In a completely different direction, we have logging filesystems, such as JFFS, YAFFS, and SPIFFS, storage location is not bound to a piece of data, instead the entire storage is used for a circular log which is appended with every change made to the filesystem. Writing appends new changes, while reading requires traversing the log to reconstruct a file. Some logging filesystems cache files to avoid the read cost, but this comes at a tradeoff of RAM. 在完全不同的方向上,我们有日志文件系统,如 JFFS、YAFFS 和 SPIFFS。存储位置不绑定到特定的数据,而是将整个存储空间用作循环日志,每次对文件系统的更改都会追加到日志中。写入操作追加新的更改,而读取操作则需要遍历日志来重构文件。一些日志文件系统会缓存文件以避免读取开销,但这需要以牺牲 RAM 为代价。
v
.--------.--------.--------.--------.--------.--------.--------.--------.

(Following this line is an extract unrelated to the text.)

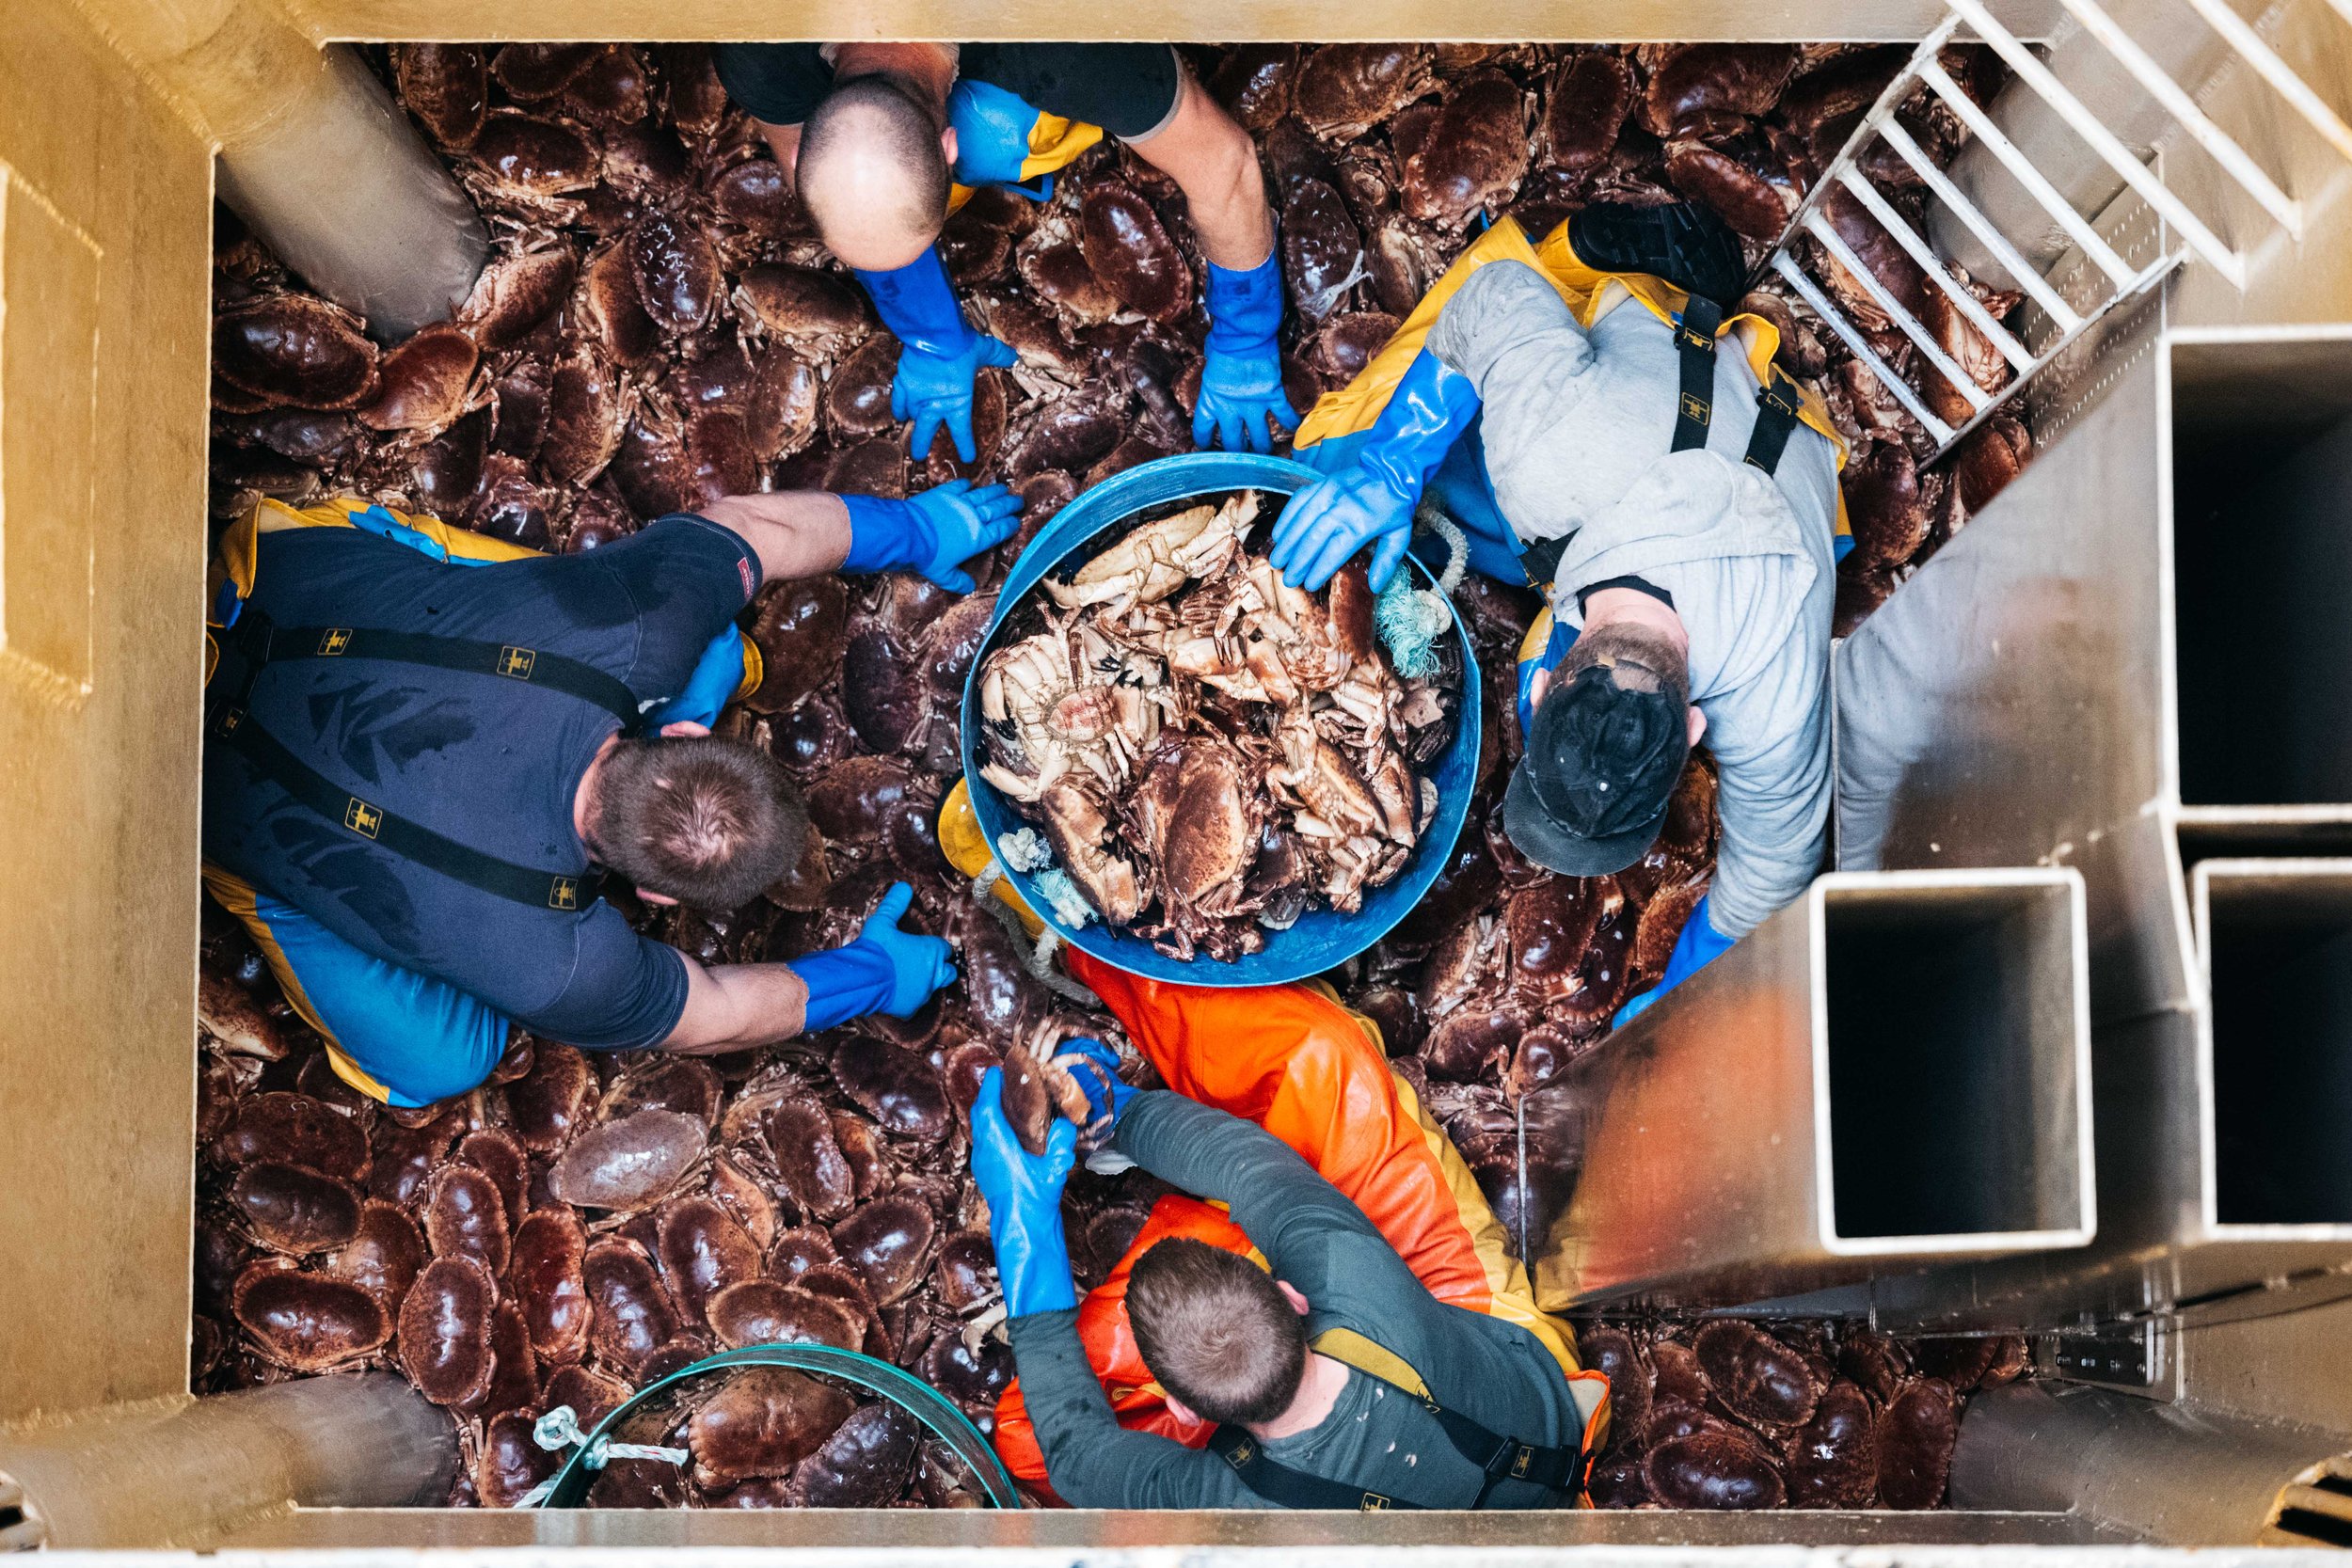  There were several seamen literally sitting on a mountain of crab filling the buckets. 
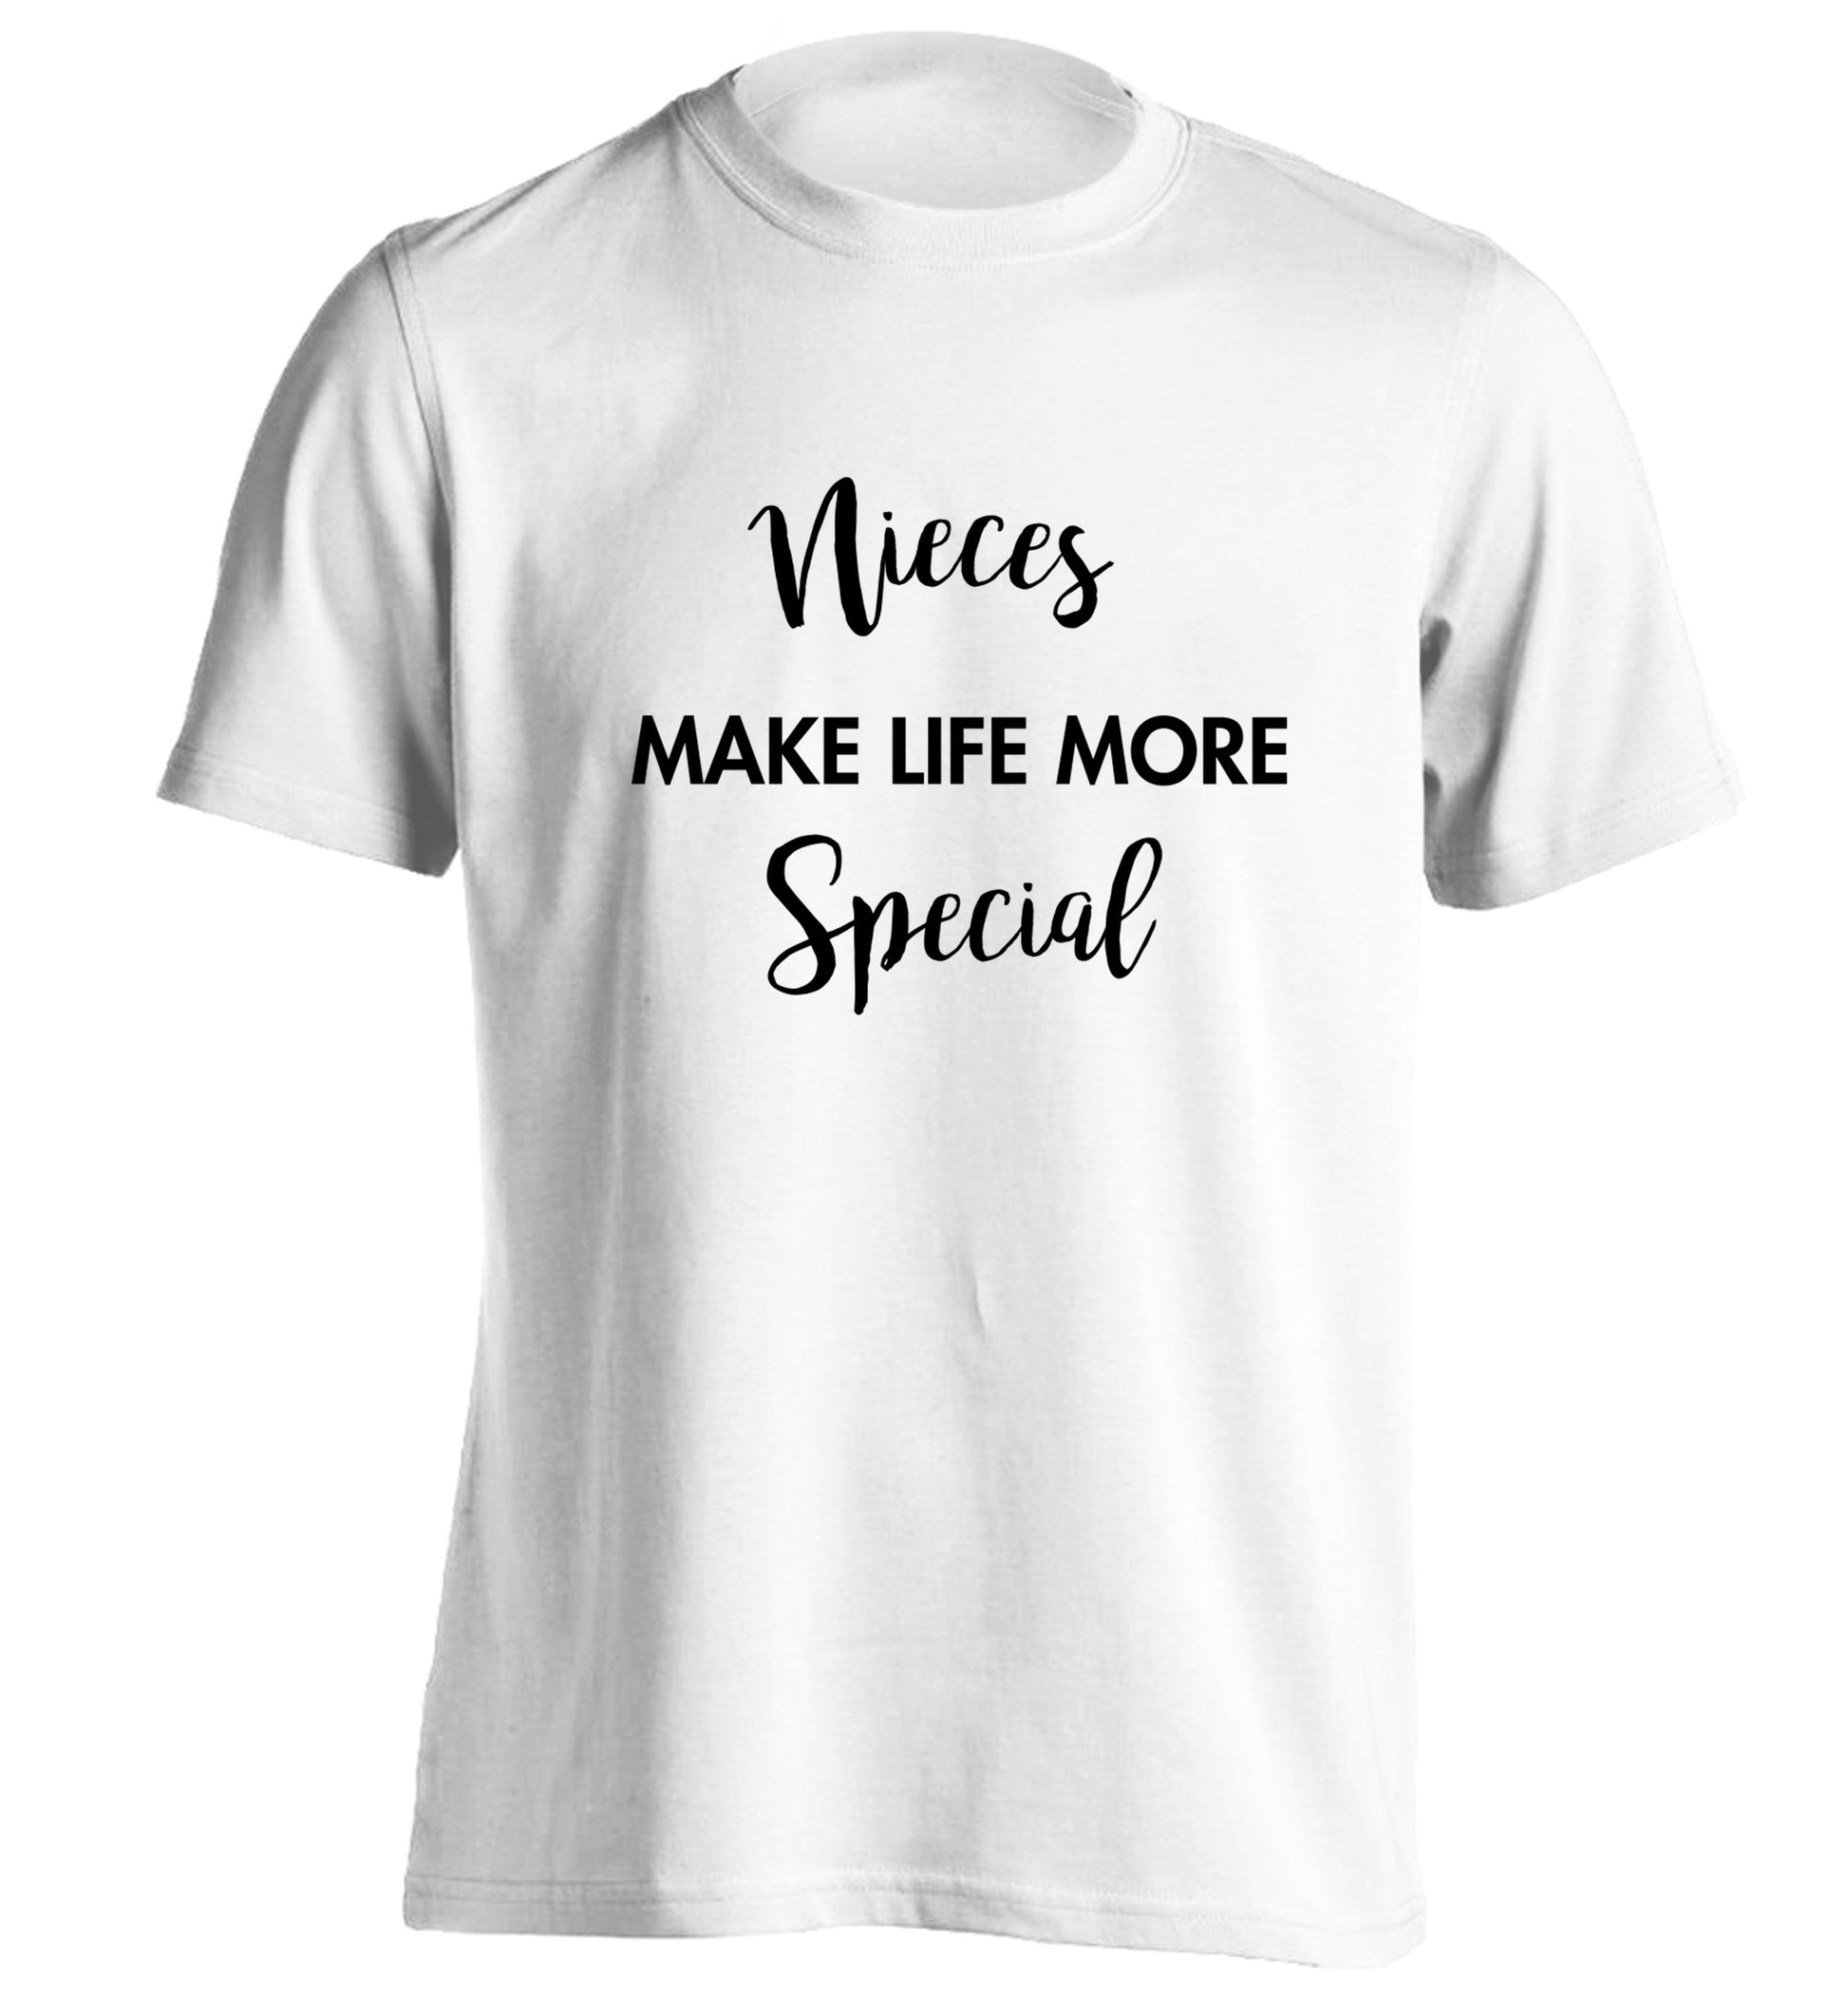 Nieces make life more special adults unisex white Tshirt 2XL

| C | new B | new A | | A | B | | |
| | | | | | | | |
'--------'--------'--------'--------'--------'--------'--------'--------'
Logging filesystem are beautifully elegant. With a checksum, we can easily detect power-loss and fall back to the previous state by ignoring failed appends. And if that wasn’t good enough, their cyclic nature means that logging filesystems distribute wear across storage perfectly. The main downside is performance. If we look at garbage collection, the process of cleaning up outdated data from the end of the log, I’ve yet to see a pure logging filesystem that does not have one of these two costs: O(n²) runtime or O(n) RAM. 日志文件系统非常优雅。通过校验和,我们可以轻松检测到断电,并通过忽略失败的追加操作回退到之前的状态。如果这还不够好,它们的循环特性意味着日志文件系统可以完美地将磨损分布到整个存储空间。主要的缺点是性能。如果我们观察垃圾回收(即从日志末尾清理过期数据的过程),我还没有见过哪种纯日志文件系统不需要付出以下两种代价之一:O(n²) 的运行时间或 O(n) 的 RAM。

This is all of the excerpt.